SOURCE RECORDS -
::::::
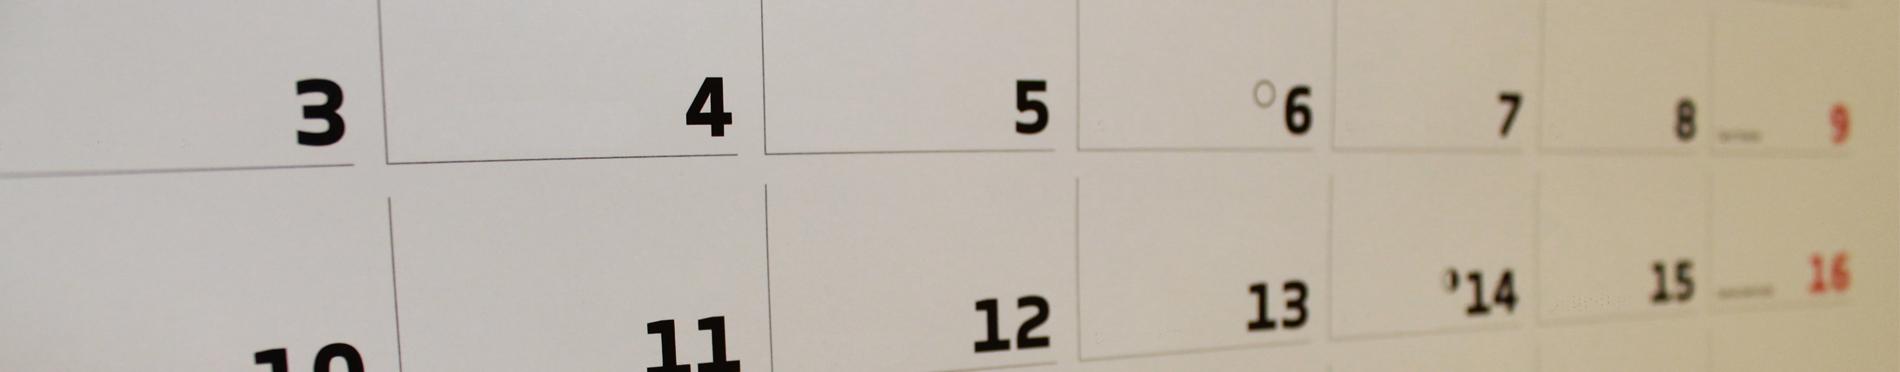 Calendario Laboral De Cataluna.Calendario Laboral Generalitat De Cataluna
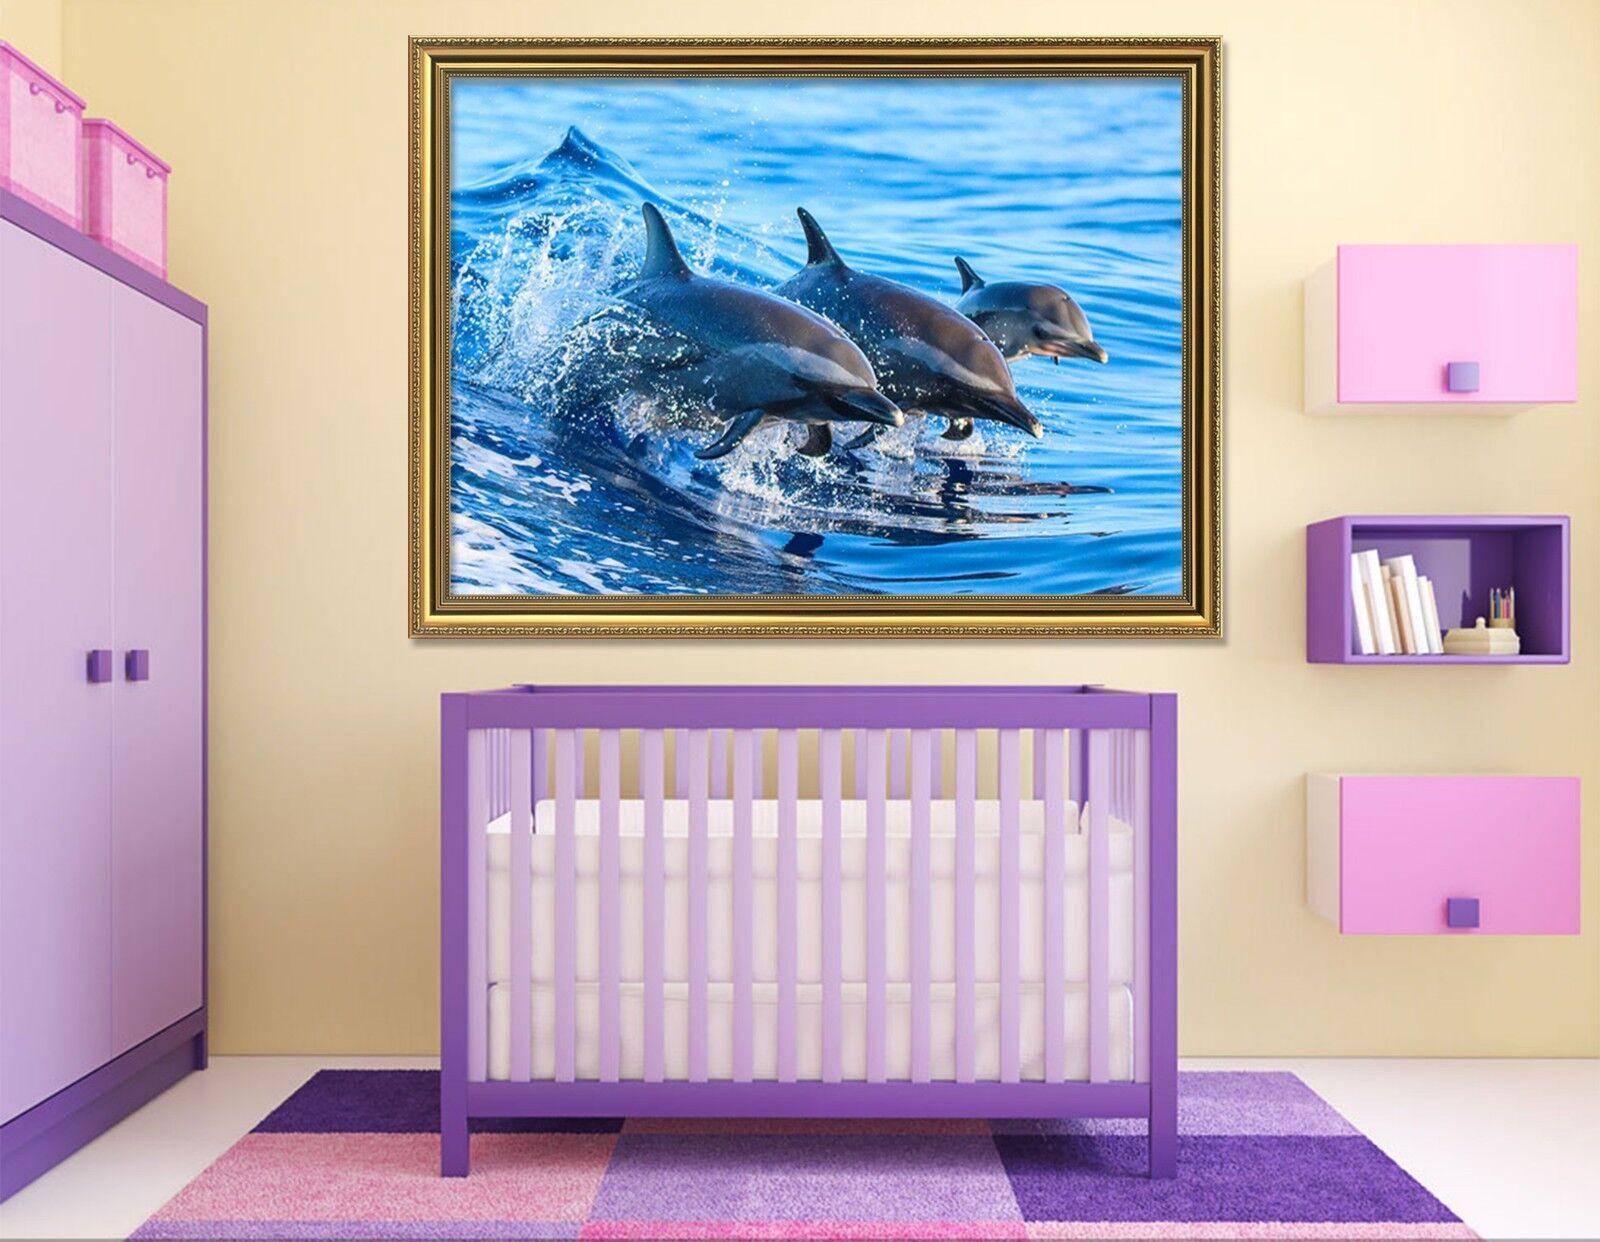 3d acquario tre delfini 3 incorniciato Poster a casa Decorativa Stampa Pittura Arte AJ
::::::
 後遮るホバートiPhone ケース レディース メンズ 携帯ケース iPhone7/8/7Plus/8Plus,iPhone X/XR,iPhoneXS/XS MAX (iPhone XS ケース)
::::::
WORK TO BE COMPLETED - Reproduce the listing above from the line that holds "Calendario Laboral De" through the line that holds "3d acquario tre", both included, with the pictures left out.

EXERCISE SOLUTION -
 Calendario Laboral De Cataluna.Calendario Laboral Generalitat De Cataluna
 3d acquario tre delfini 3 incorniciato Poster a casa Decorativa Stampa Pittura Arte AJ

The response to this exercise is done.